**Exercise:** Only one span is wanted from the lines below: from the one with "Glice synthetic ice" up to and including the one with "Canary Island spurge". Copy it exactly, without images.

**The data:**
-------------------------
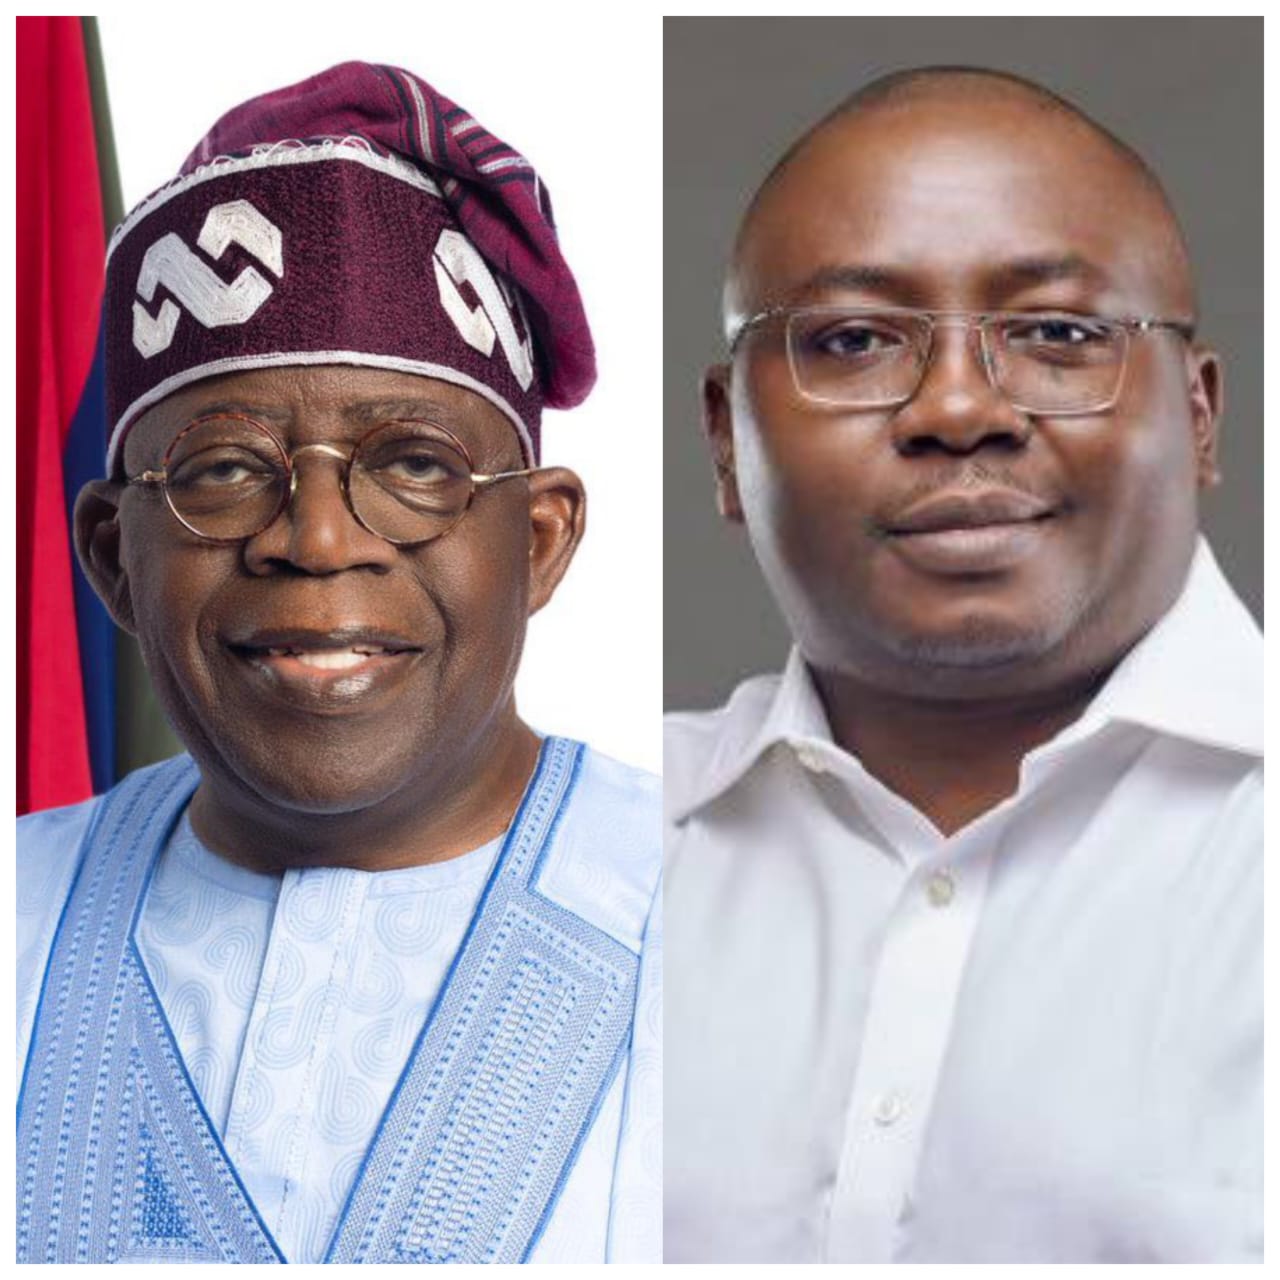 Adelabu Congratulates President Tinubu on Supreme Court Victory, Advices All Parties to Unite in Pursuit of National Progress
-------------------------
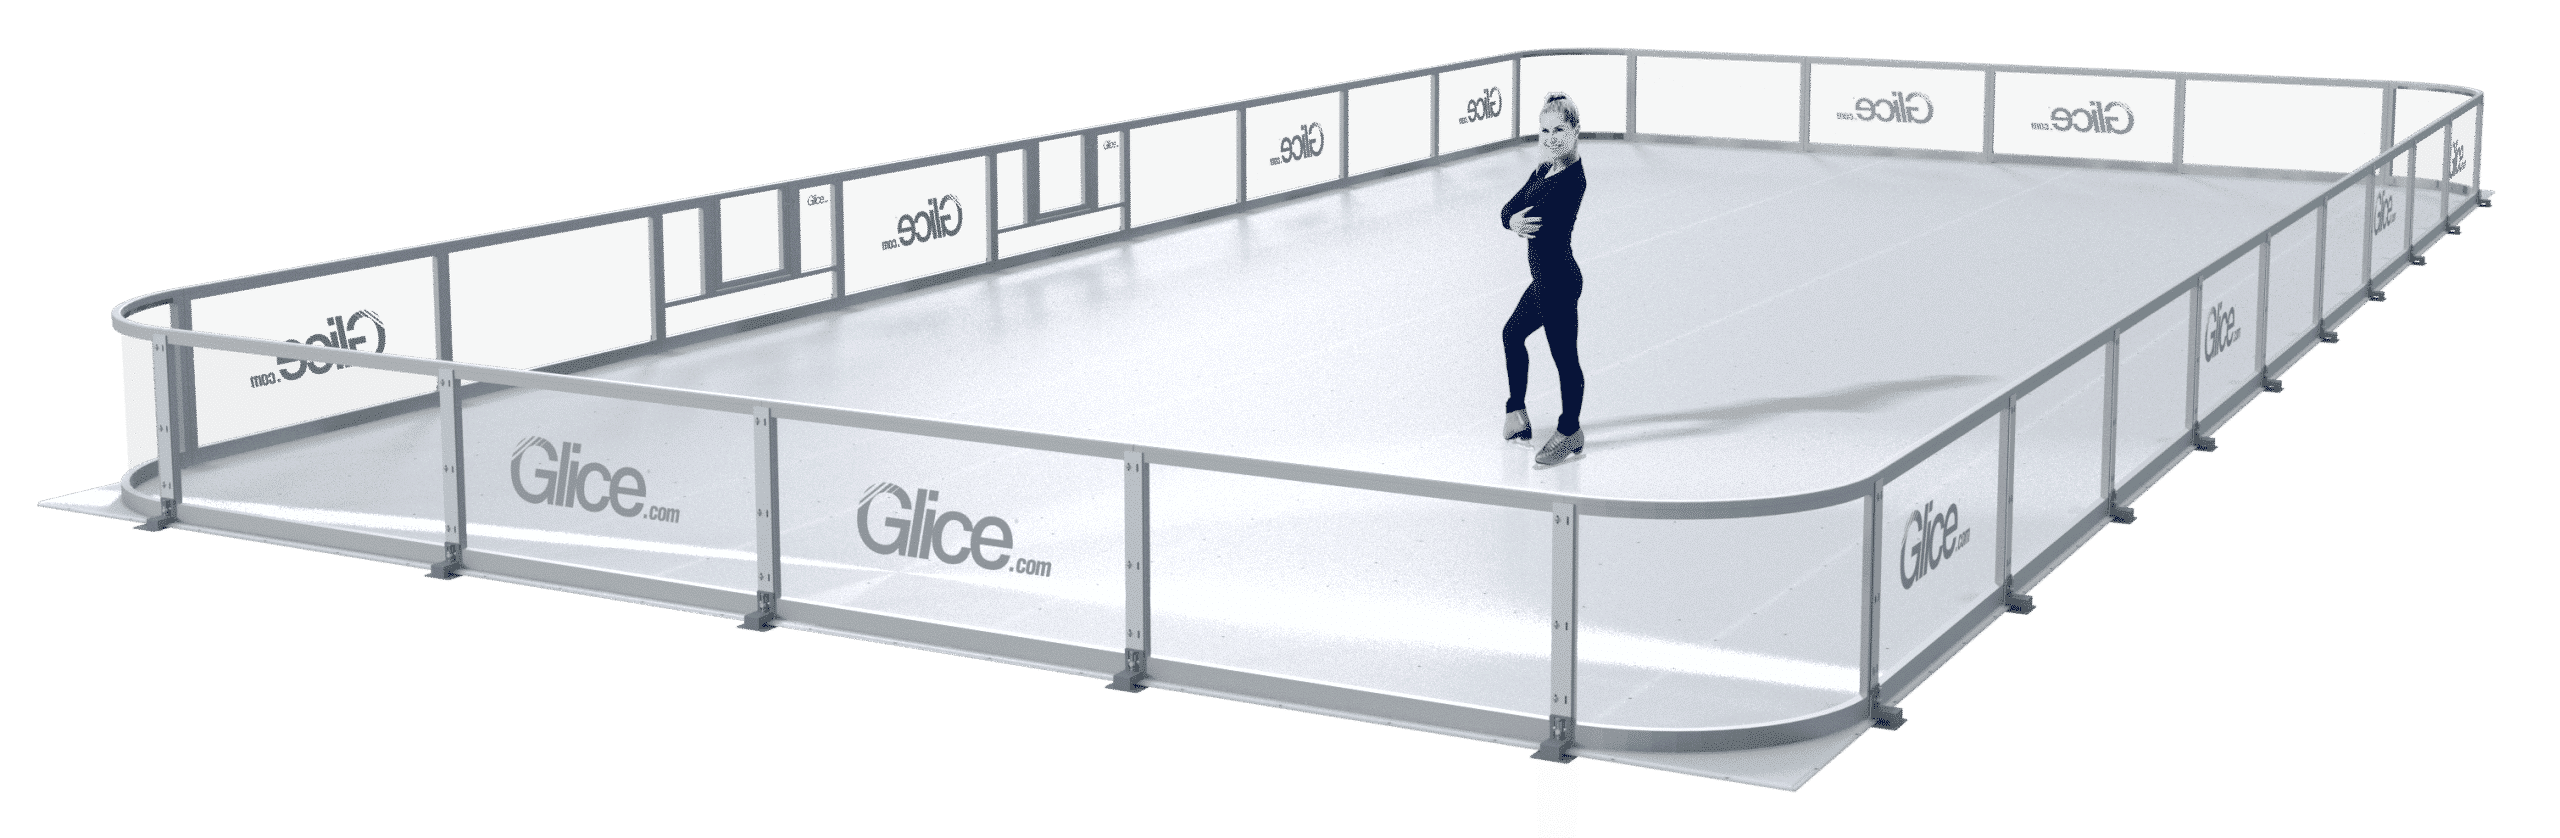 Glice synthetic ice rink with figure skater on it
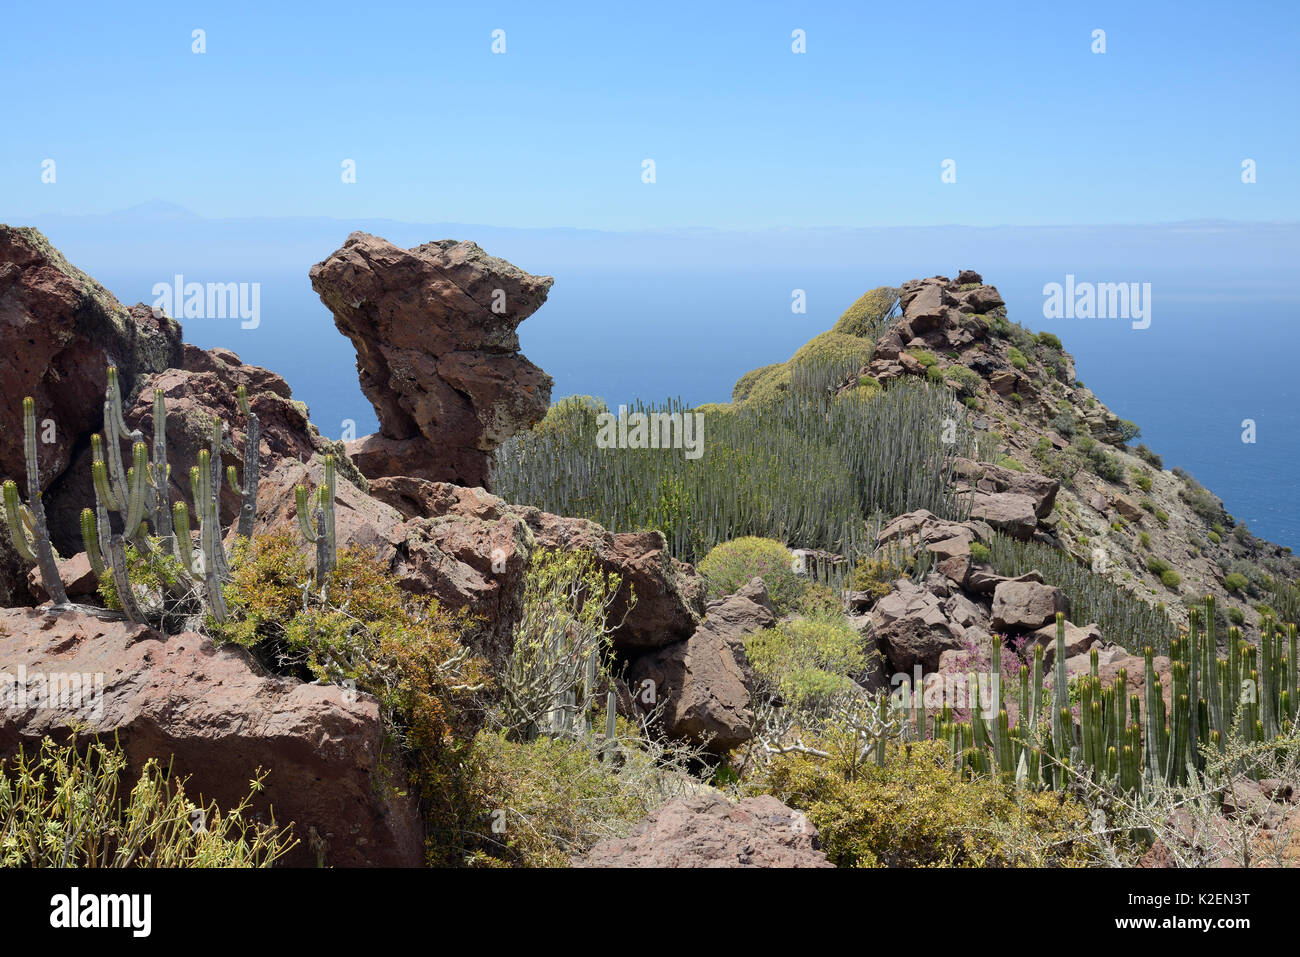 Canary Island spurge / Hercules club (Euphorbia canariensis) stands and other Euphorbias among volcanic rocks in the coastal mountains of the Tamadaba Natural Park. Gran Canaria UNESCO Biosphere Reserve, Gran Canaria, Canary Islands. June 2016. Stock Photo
-------------------------
**Exercise response:**
 Glice synthetic ice rink with figure skater on it
 Canary Island spurge / Hercules club (Euphorbia canariensis) stands and other Euphorbias among volcanic rocks in the coastal mountains of the Tamadaba Natural Park. Gran Canaria UNESCO Biosphere Reserve, Gran Canaria, Canary Islands. June 2016. Stock Photo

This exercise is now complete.